<<<<

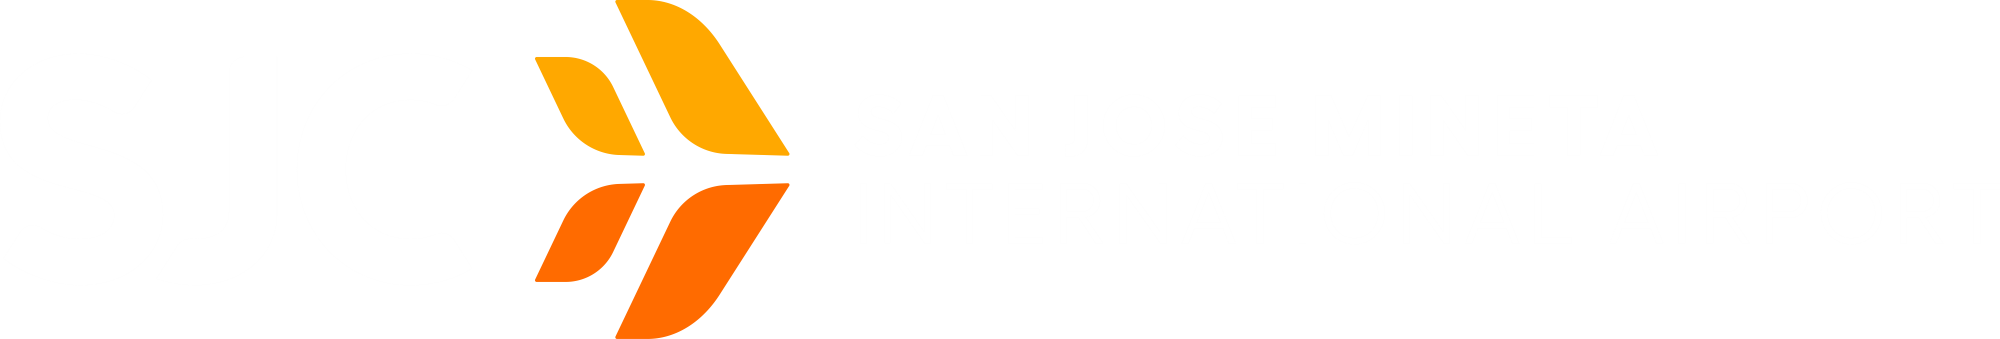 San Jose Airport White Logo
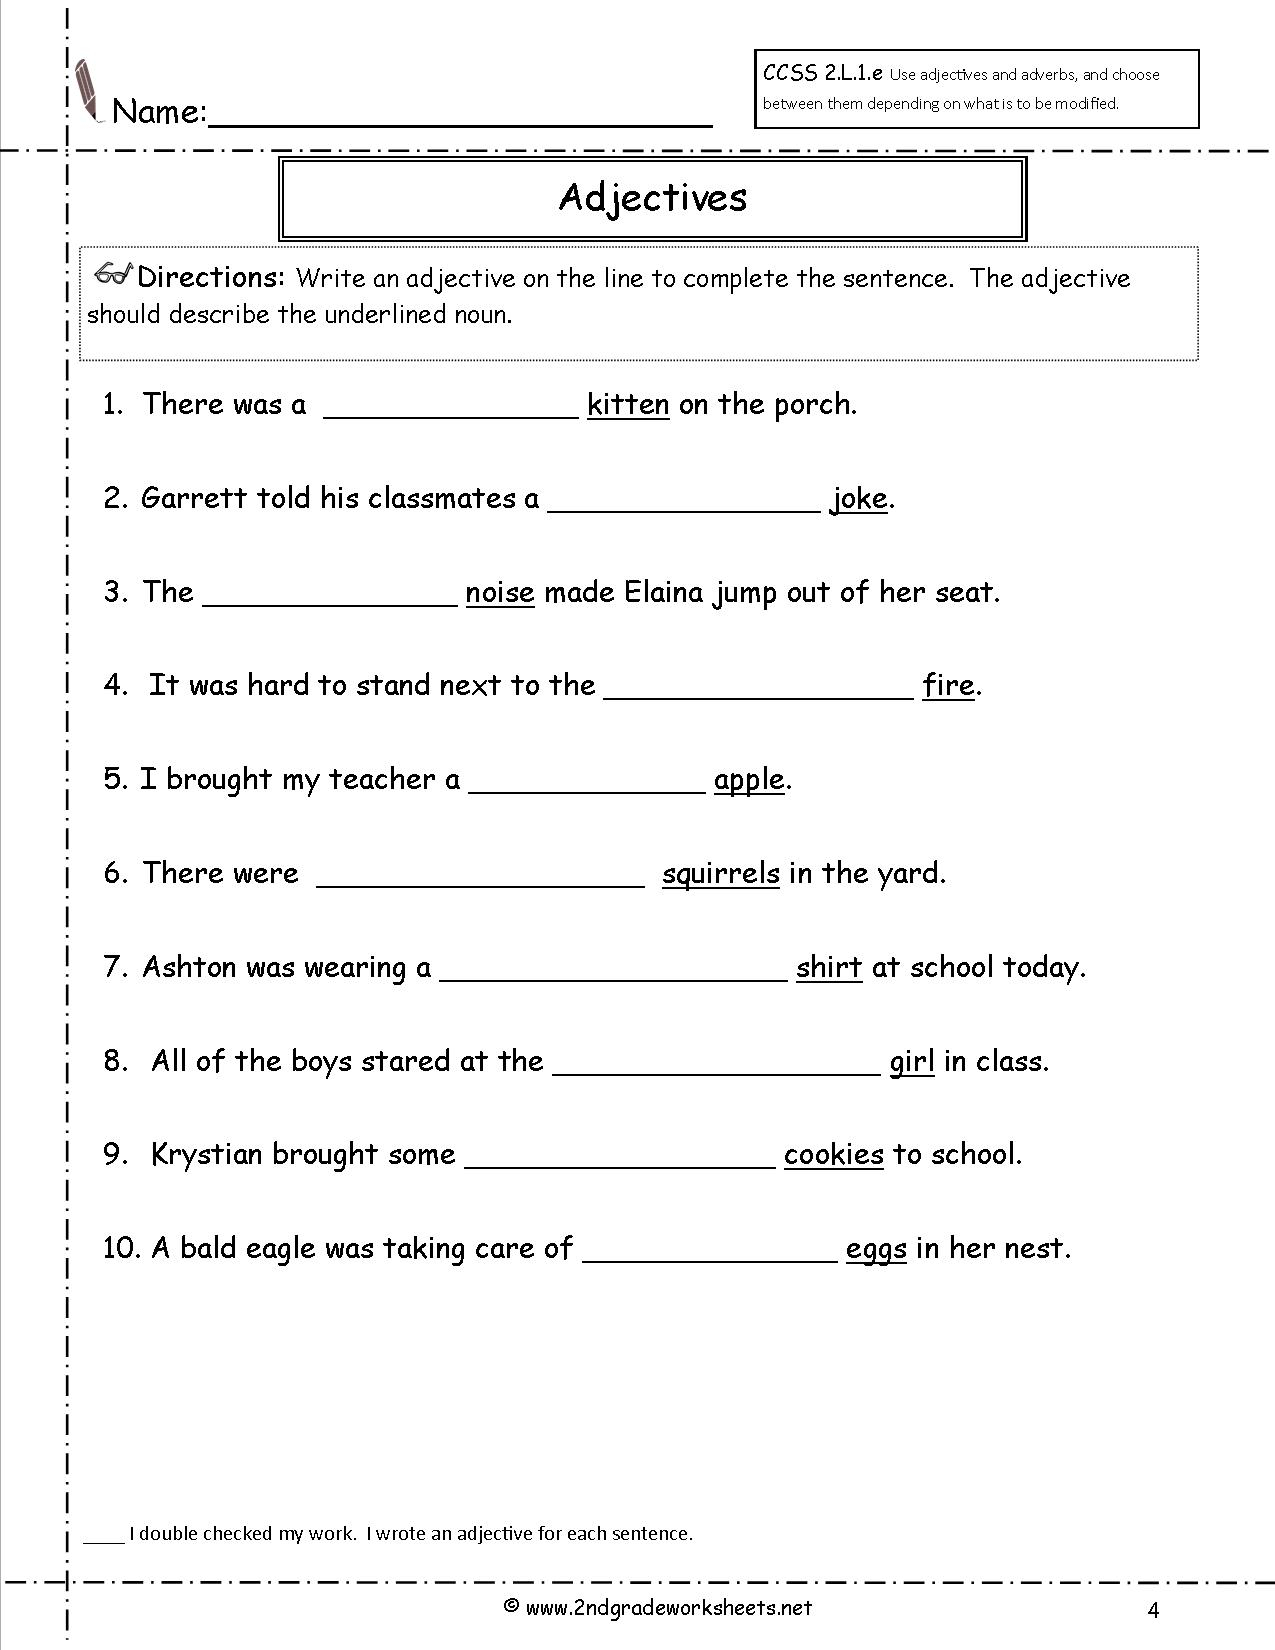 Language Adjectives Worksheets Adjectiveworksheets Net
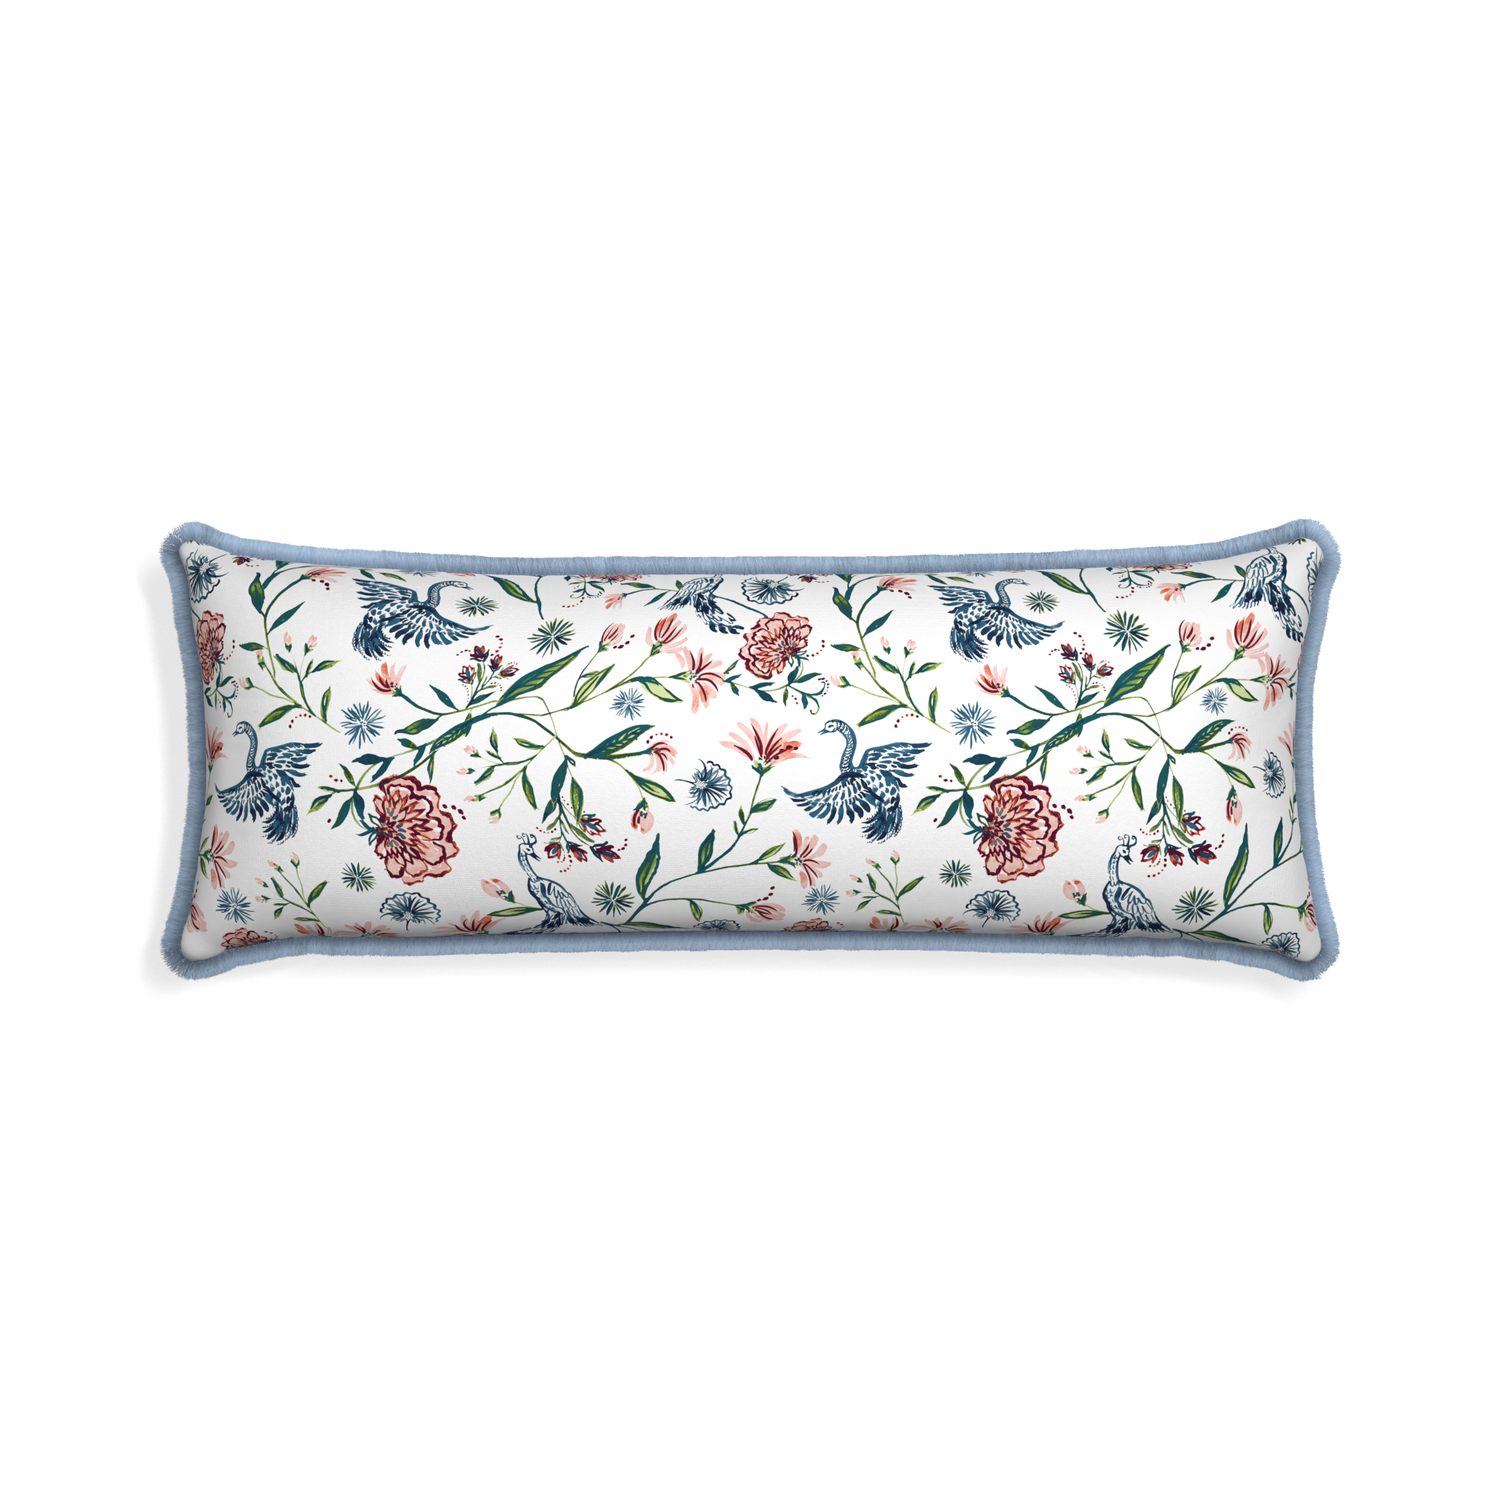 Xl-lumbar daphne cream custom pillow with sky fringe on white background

>>>>

» PROMPT
Transcribe the whole listing, character for character, but not its images.

» WRITTEN RESPONSE
 San Jose Airport White Logo
 Language Adjectives Worksheets Adjectiveworksheets Net
 Xl-lumbar daphne cream custom pillow with sky fringe on white background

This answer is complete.